Personne, avant moi, n’a pu voir un premier regard. J’étais à côté d’eux, mais loin d’eux. Je comprenais et lisais, sans être impliqué dans l’étourdissement de l’action, ni perdu dans la sensation. C’est pour cela que j’ai vu ce regard. Eux, ne savent pas quand il a commencé, ne savent pas que c’est le premier ; après, ils l’oublieront ; les progrès urgents de leurs cœurs viendront détruire ces préludes. On ne peut pas plus savoir son premier regard qu’on ne peut savoir son dernier regard.

Je me souviendrai, quand eux ne se souviendront plus.

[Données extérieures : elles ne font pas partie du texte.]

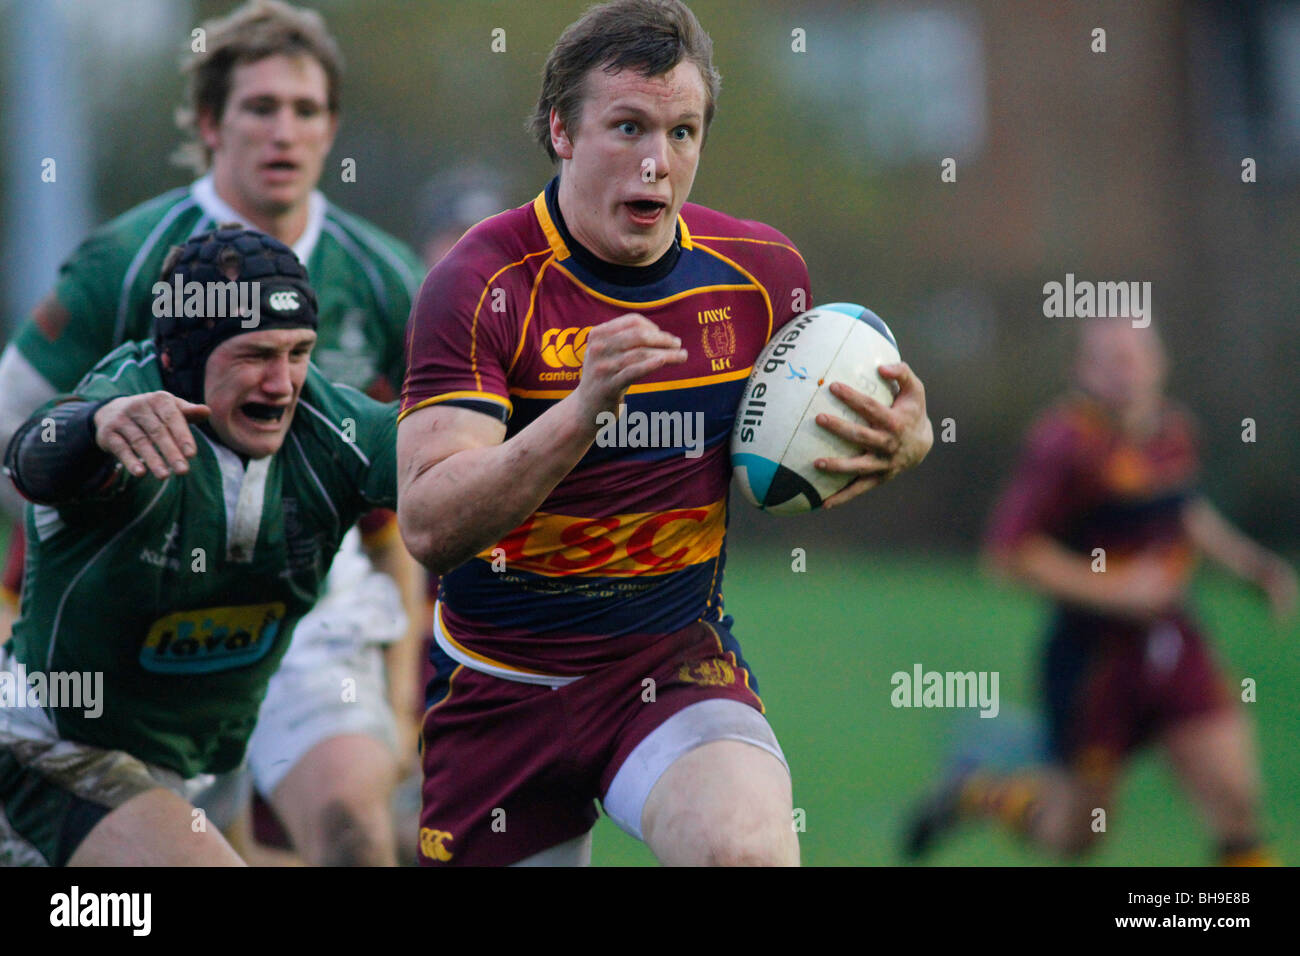 Rugby tackle during a match. Stock Photo

Je ne me rappelle pas, moi, mon premier regard, mon premier don d’amour. Cela fut, pourtant. Ces divines simplicités se sont effacées de moi. Mon Dieu, qu’est-ce que je garde, pourtant, qui les vaille ! Le petit être que j’étais est mort tout entier sous mes yeux. Je lui survis, mais l’oubli m’a tourmenté, puis vaincu, la tristesse de vivre m’a ruiné, et je ne sais guère ce qu’il savait. Je me rappelle n’importe quoi, au hasard, mais le plus beau et le plus doux est dans le néant.

Eh bien, ce cantique trop tendre que je viens d’écouter, tout plein d’infini et débordant de sourires neufs, ce chant précieux, je le prends, je l’ai, je le garde. Il palpite sur mon cœur. J’ai volé, mais j’ai sauvé de la vérité.